I need a new immersion blender and I knew that. The on/off switch has gotten rather temperamental as of late and it can be really difficult to switch on. (I am sure you know where this is going.) Given the appearance of all the fresh faced veggies in the market, I decided to make a simple pea and spinach soup for dinner last evening. The unusually balmy days of late have given way to the normal springtime chill and thought that the sight of the bright green soup would warm the chill of the night while also cheering the cockles of the soul. All was going well until I pulled out the immersion blender. I considered pulling out the countertop blender but obviously did not consider that thought long enough as I reached for my beloved, although aging, immersion blender – one of the most used and handiest tools in my kitchen. After wrestling with the on/off switch for a bit, it wouldn’t turn on. Frustrated, I jammed the switch into the up position and yup, on it went with the blender part only partially immersed in my beautiful bright green soup. Result – that beautiful pea soup brightened things up all right – including my counter, walls, stove and most importantly, my pretty purple spring sweater. But fear not – thankfully all was not lost. After a few choice Italian expletives, I poured myself a much needed glass of vino, cleaned up the kitchen, held a rather ceremonial tossing of the immersion blender into the recycle bin, and resumed my cooking. Thankfully, my soup turned out as intended with that beautiful taste of spring shining through. And I must say – I looked rather trendy with my purple sweater and its new green polka dot pattern. Enjoy and happy spring!
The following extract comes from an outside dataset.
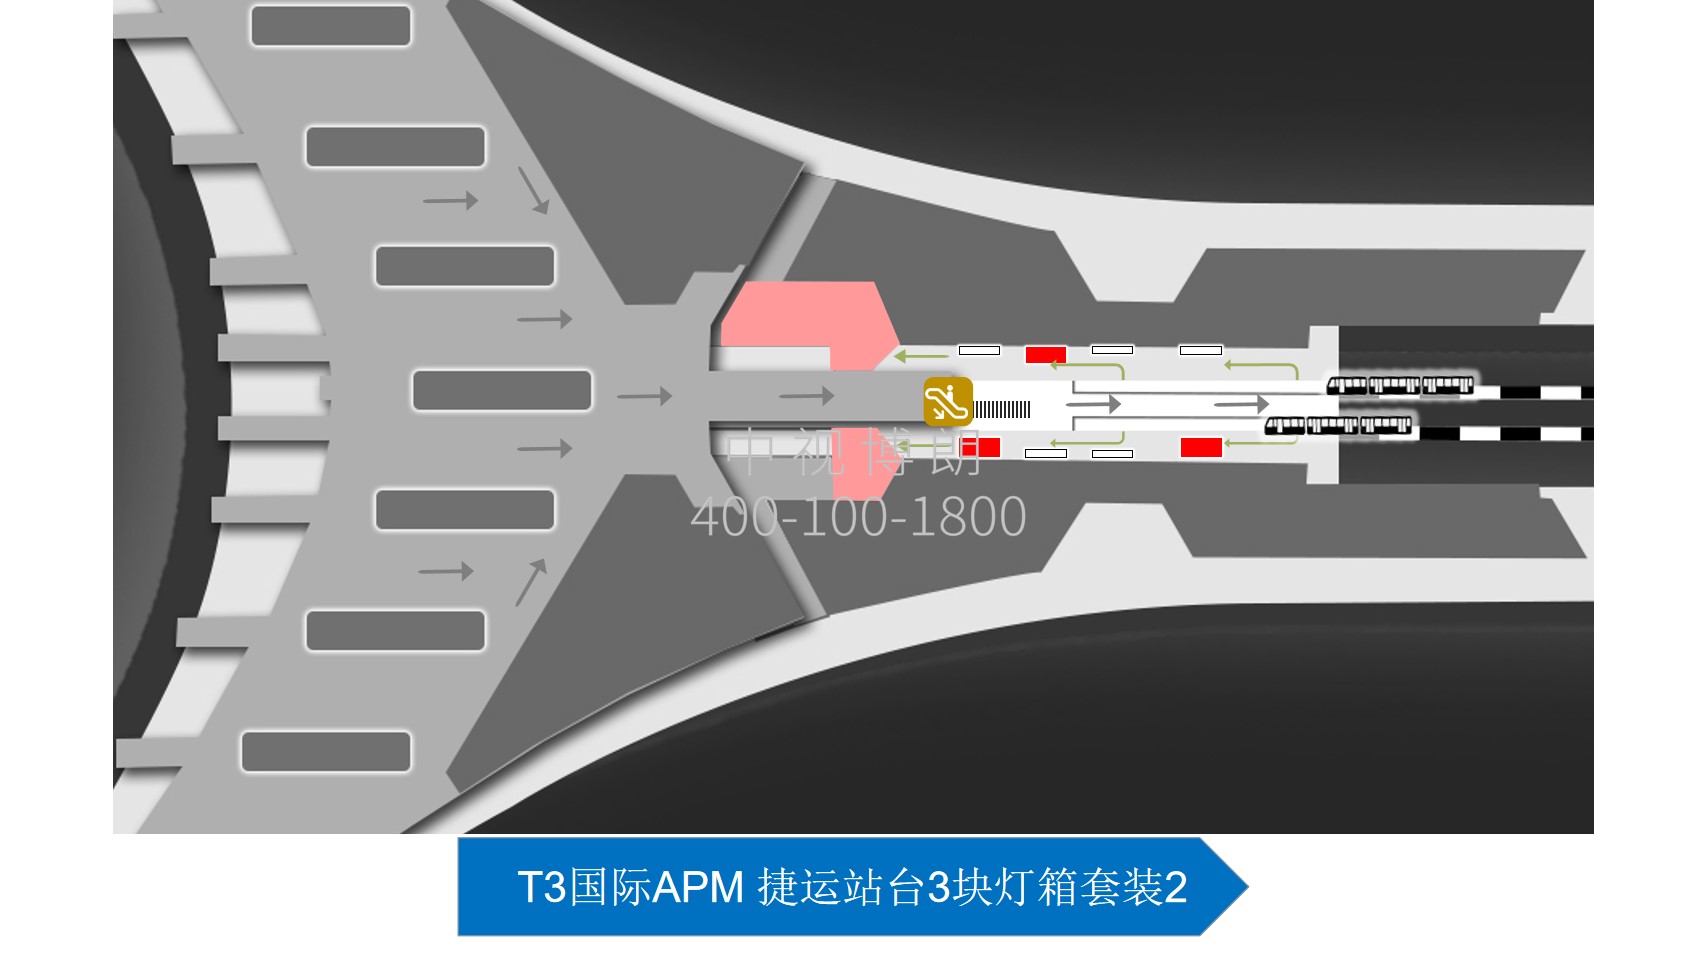 北京首都机场广告-T3国际APM 捷运站台灯箱套装2位置图

Spring Pea and Spinach Soup with Pancetta Crumbles
2 tablespoon extra-virgin olive oil
2 large leeks (white part plus a bit of the pale green), quartered and chopped (about 2 cups)
2 cloves garlic, minced
About 10 ounces of baby spinach, washed and dried
4 cups of fresh or frozen baby peas (or 2 10-oz bags)
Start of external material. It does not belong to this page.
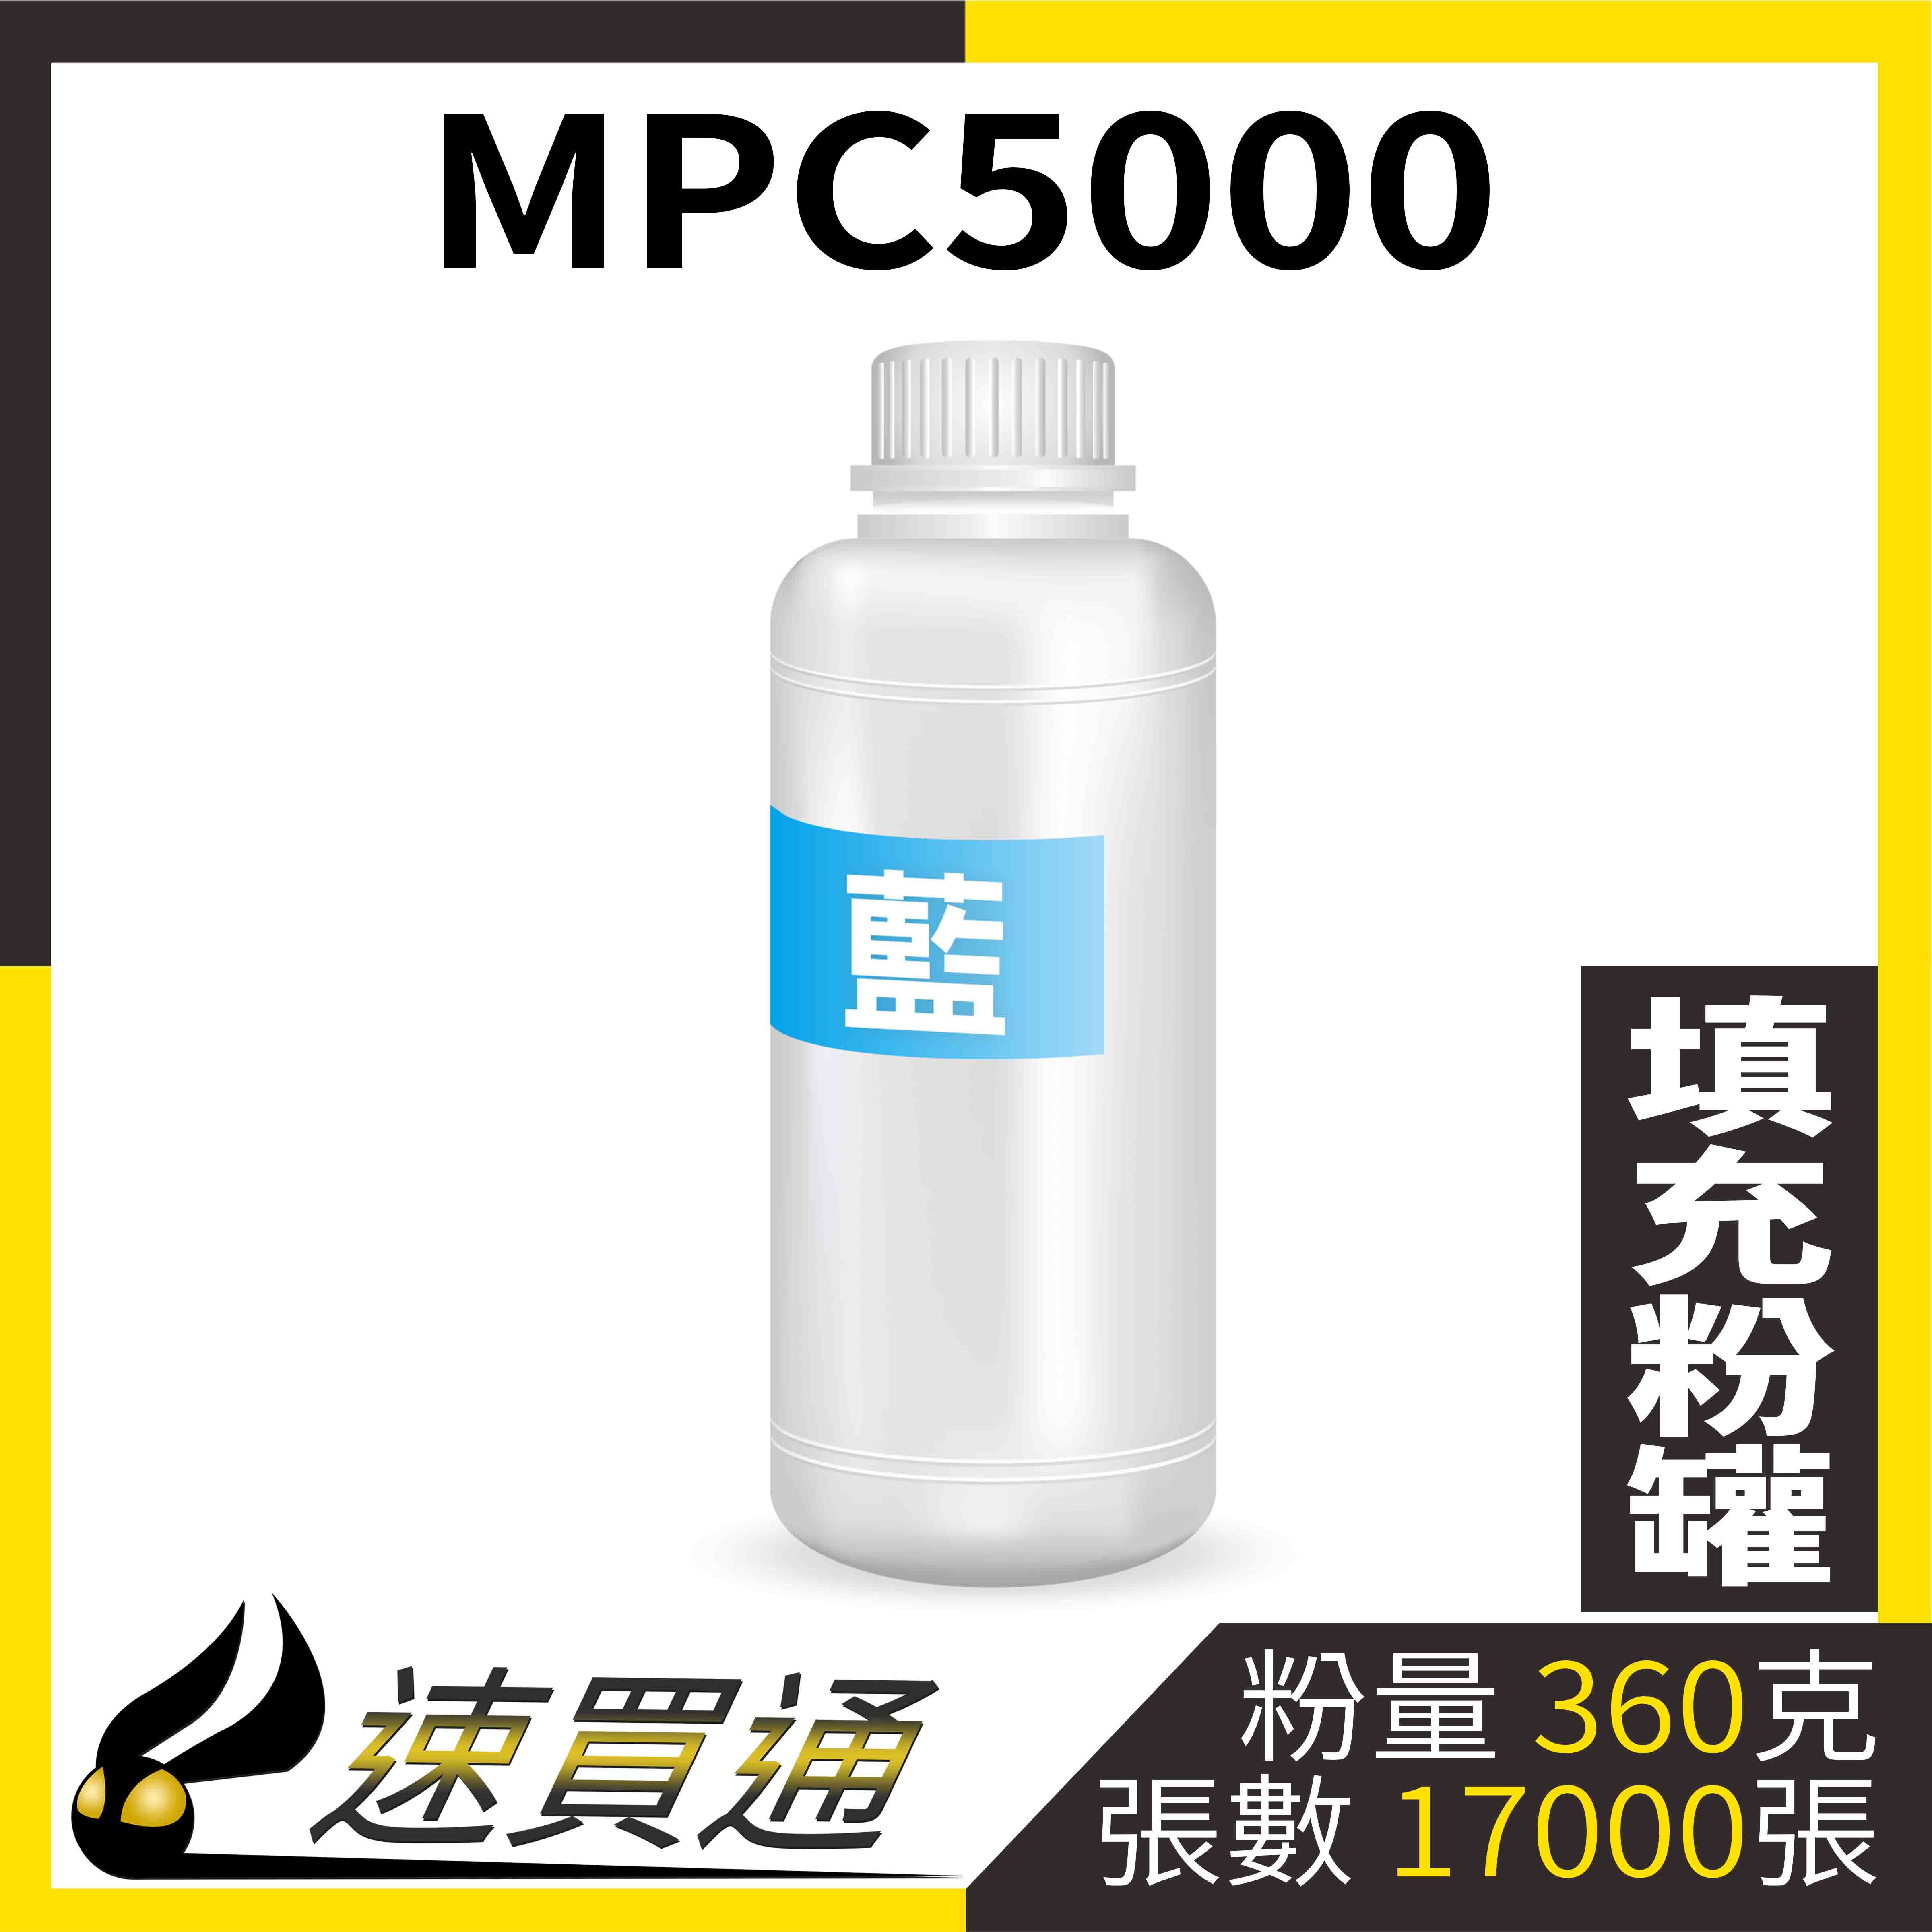 【速買通】RICOH MPC5000 藍 填充式碳粉罐

4 cups of chicken or vegetable stock
2 teaspoons freshly squeezed lemon juice
1 1/2 teaspoons sea salt (or to taste)
1/2 teaspoon freshly ground black pepper (or to taste)
1/3 pound pancetta, diced (optional)
Creme fraiche or sour cream or heavy cream (optional) – I used low-fat sour cream
Equipment: 1 medium saucepan or stockpot, 1 small fry pan, blender/immersion blender or food processor
1. Heat the olive oil in a large saucepan over medium heat. Add the leeks and garlic and sauté until the leeks are translucent and soft – about 5 minutes.
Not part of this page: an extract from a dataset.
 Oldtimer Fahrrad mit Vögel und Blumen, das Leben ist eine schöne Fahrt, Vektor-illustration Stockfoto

2. Stir in the spinach and sauté until wilted. Add in the baby peas and sauté until softened. Stir in the chicken stock and bring to a simmer. Allow to simmer until peas are tender – about 10 minutes.
3. Allow soup to cool slightly. Working in batches if necessary, puree the soup using a counter blender or immersion blender.
4. Return puree to the pot and add in the lemon juice, salt and pepper. Bring back to a slow simmer. If too thick, add in a bit of water or stock. Adjust seasonings if necessary.
5. If using, make the pancetta crumbles: Heat a small saucepan over medium low heat. Add the diced pancetta and allow to cook over low heat to render the fat (melt away). After the fat has been rendered, turn up the heat a bit and fry the pancetta bits until crispy. Drain on a paper towel and reserve.
6. To serve the soup, ladle into warmed bowls. Top with a dollop or drizzle of cream frache, heavy or sour cream, if using. Top with a few of the pancetta crumbles. Serve! Buon appetito!